Movimento antiglobal: cominciamo a fare paura?
L'editoriale di Angelo Panebianco sul Corriere della Sera del 23 giugno dimostra come sia tramontato il neoliberismo come pensiero unico, mentre sta, ancora confusamente, emergendo un pensiero alternativo che preoccupa le nostre classi dominanti. Giugno 2001.


 

Il Corriere della Sera ha pubblicato in prima pagina il 23 giugno un editoriale di Angelo Panebianco, di cui più sotto riportiamo ampi stralci, dal titolo "I contestatori tra timori legittimi e protezionismo. Vantaggi globali e la società chiusa." Si tratta di un articolo estremamente interessante e per diverse ragioni. Qui segnaliamo la più importante rimandando invece la contestazione e l'analisi delle sue tesi allo speciale che pubblicheremo come REDS il primo luglio. Ricordiamoci un anno fa che cosa eravamo abituati a sentire e leggere: vigeva in ogni dove il pensiero unico neoliberale. Notate come invece questo editoriale sia collocato interamente sulla difensiva, e come dimostri, al di là di ogni nostra ragionevole speranza, che il pensiero unico è morto e sepolto. Oggi si confrontano due pensieri: a quello neoliberale se ne contrappone un altro, certo ancora confuso, di segno opposto, e questo nuovo pensiero sta facendo breccia nella società. La paura delle nostre classi dominanti non è più solo quella di creare allarmismo per garantirsi un G8 senza contestazioni, ma quella di riconquistarsi una egemonia culturale che sta rapidamente franando. Ecco l'editoriale.

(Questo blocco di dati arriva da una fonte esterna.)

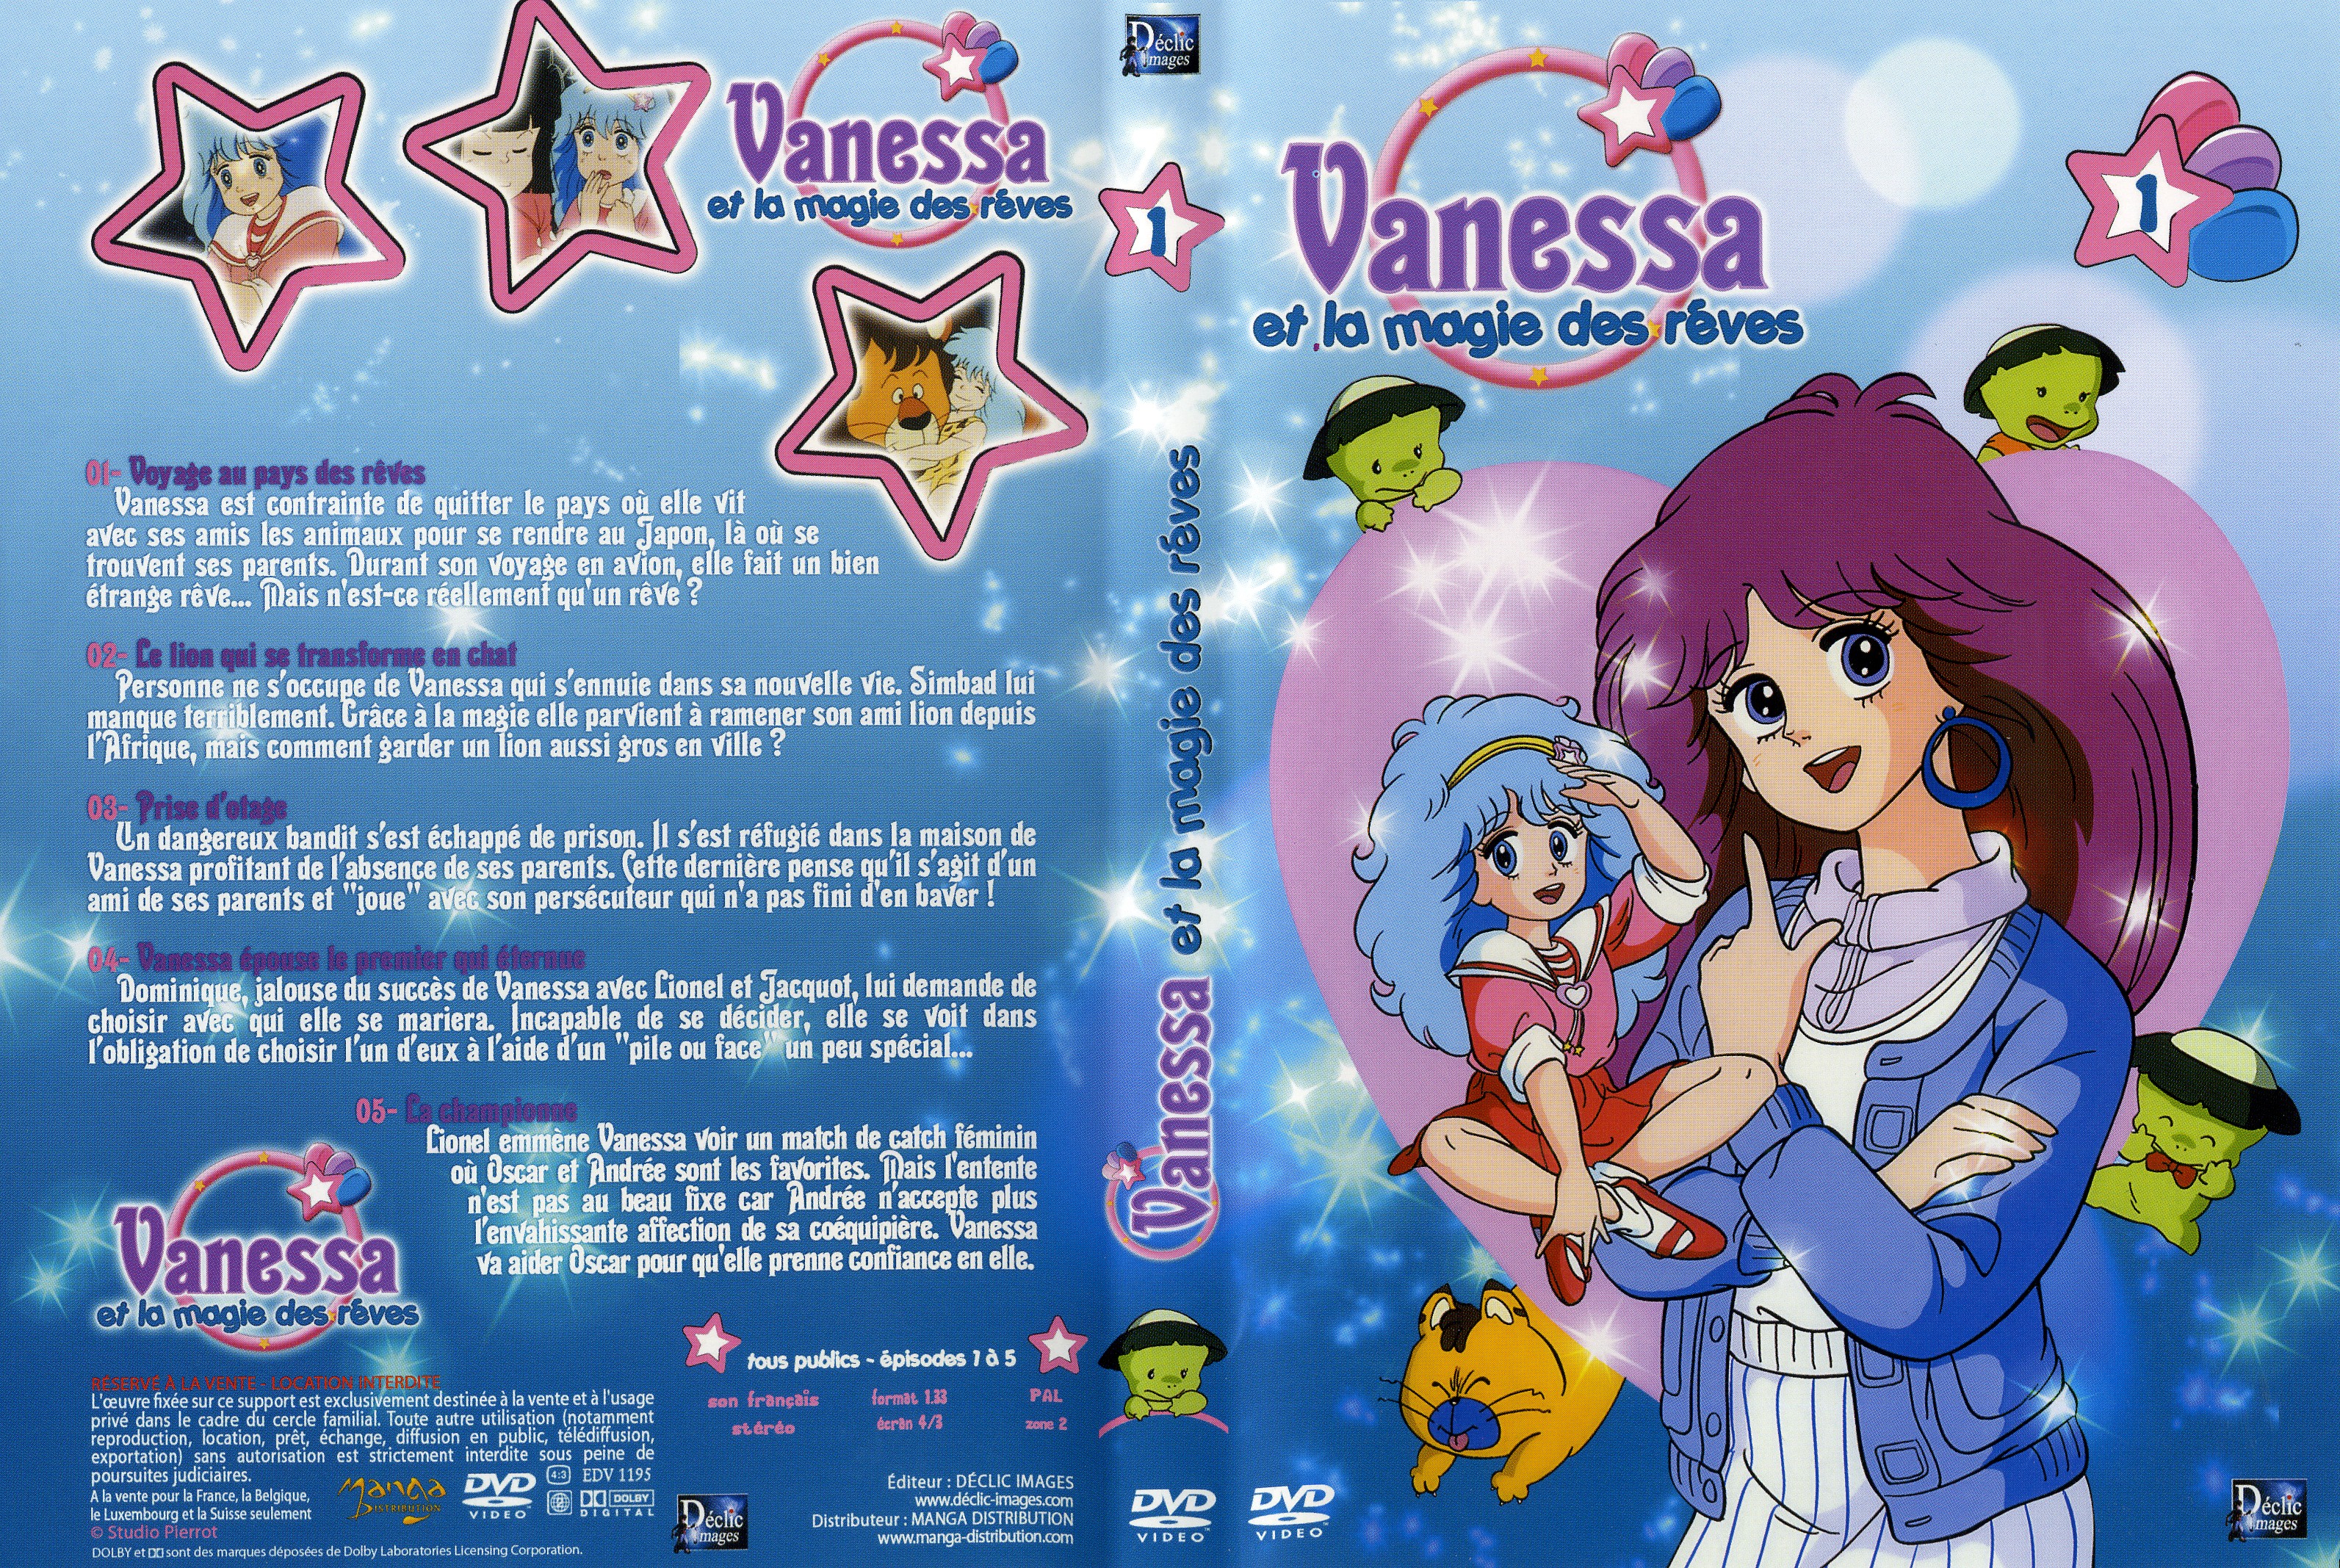 Jaquette DVD Vanessa et la magie des reves vol 1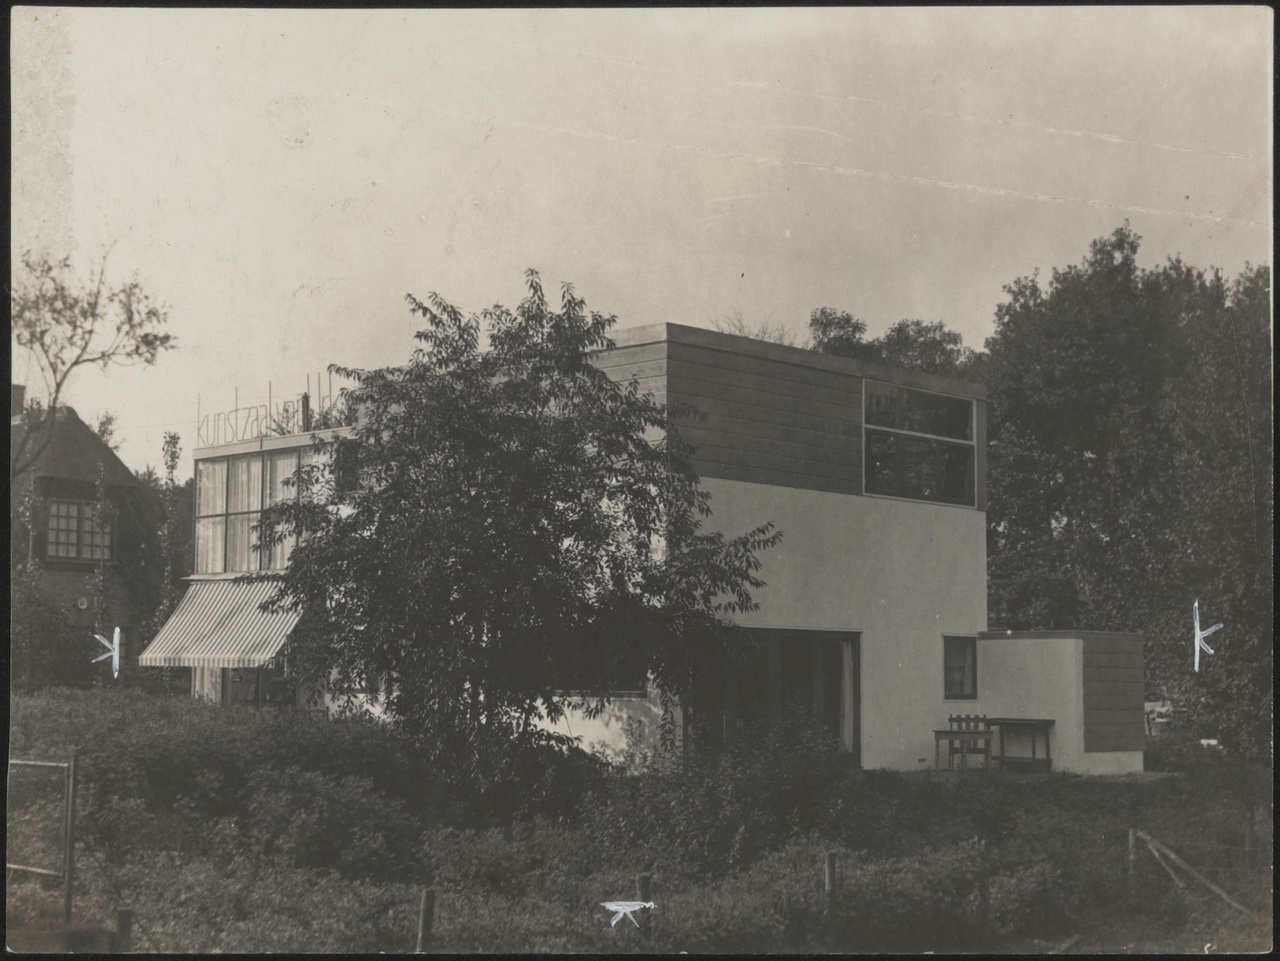 Afbeelding van woning/atelier v.Urk vanuit het zuid-oosten, ca.1931

Un'idea pericolosa si va diffondendo. È l'idea che i contestatori della cosiddet ta "globalizzazione" abbiano più ragioni che torti nel criminalizzarla, nell'imputarle tutti i mali de mondo. C'è in giro un quantità davvero eccessiva di brave persone la quale pensa che, sì, vadano isolate le frange più violente, ma pensa anche che il "fine" del movimento antiglobalizzazione sia condivisibile, che la causa sia sacrosanta. Basta vedere, ad esempio, quanti sacerdoti cattolici si sono messi in movimento per "dare una mano" ai contestatori del prossimo G8; o leggere l'opinione del cardinale Silvano Piovanelli pubblicata da questo giornale due giorni fa.

Tutti costoro accettano troppo facilmente gli slogan degli antiglobalizzatori: credono davvero che il potere di vita e di morte sui destini del mondo sia nelle mani di un pugno di multinazionali; credono davvero che la globalizzazione accresca la povertà al di fuori del mondo occidentale. Nessuno di loro è sfiorato dal dubbio che queste siano falsità. Nessuno di loro è disposto, ad esempio, a prendere in considerazione il fatto, ampiamente documentato, che, lungi dall'accrescere la povertà, l'apertura dei mercati abbia, nell'ultimo decennio, contribuito potentemente a ridurla, e che i Paesi extraoccidentali che più si sono aperti ai mercati se la siano cavata assai meglio di quelli più chiusi.

La vera novità è che non ci sono, in fondo, vere novità. Cambiano le forme e i modi ma il problema è sempre uno, da quando è nato il capitalismo: il conflitto fra i fautori della società aperta e i fautori della società chiusa, tra quelli che pensano che il commercio senza barriere e restrizioni porti, col tempo, benessere e libertà a tutti coloro che vi vengono coinvolti, e quelli che lo intendono solo come una forma di sfruttamento e di oppressione (oltre che, va da sé, di "mercificazione" dell'esistenza). Nel ventesimo secolo, ci sono stati due grandi tentativi di fermare la società aperta, di ricostituire, in un modo o nell'altro, la società chiusa: il totalitarismo nazista e quello sovietico-comunista. Tutti hanno potuto constatare quali orrori ne siano scaturiti. Ma non tutti i fautori della società chiusa hanno imparato la lezione, né hanno cercato di capire perché è successo ciò che e successo. E adesso, eccoli al seguito del "popolo di Seattle". Come se non fosse proprio l'apertura delle società le une alle altre l'unica strada possibile per togliere spazio alle tarannie politiche, per innescare sviluppo autosostenuto, per fare arrivare un po' di libertà là dove non se ne è mai vista prima. Ma, dicono i più ragionevoli, i processi di globalizzazaone vanno "governati". Hanno ragione, ma è più facile a dirsi che a farsi, e oltretutto i contestatori si sono scatenati, proprio a partire dall'ormai storico incontro di Seattle del 1999, in tutte le occasioni in cui gli Stati tentavano, faticosamente, di mettere a punto qualche regola di comportamento comune, qualche strumento di governo. Non colpisce il semplicismo del pensiero di certi portavoce del movimento antiglobalizzazione (che immaginano il mondo retto da un governo occulto delle multinazionali). Colpisce che ci siano così tante persone adulte disposte ad assecondarli. Non vedono che, al di là delle pur legittime sensibilità per i guai della parte povera del mondo, il motore politico del movimento è fatto da protezionisti alla Bové.

Poi ci sono le cose serie, alcune delle quali figurano nell'agenda del G8, e altre no. C'è la necessità, secondo diversi esperti, di riformare alcune cruciali istituzioni (come il Fondo monetario). C'è, ancora, il fatto che questa importantissima parte del mondo più ricco, l'Europa occidentale appunto, vive in una cronica condizione di squilibrio (alla lunga, forse, pericolosa per sé e per gli altri): ha dato vita a una integrazione economica e monetaria senza però ancora dotarsi di una comune costituzione democratica. Ma queste, appunto, sono cose serie. Che poco sembrano interessare al "popolo di Seattle" e ai suoi rispettabili simpatizzanti.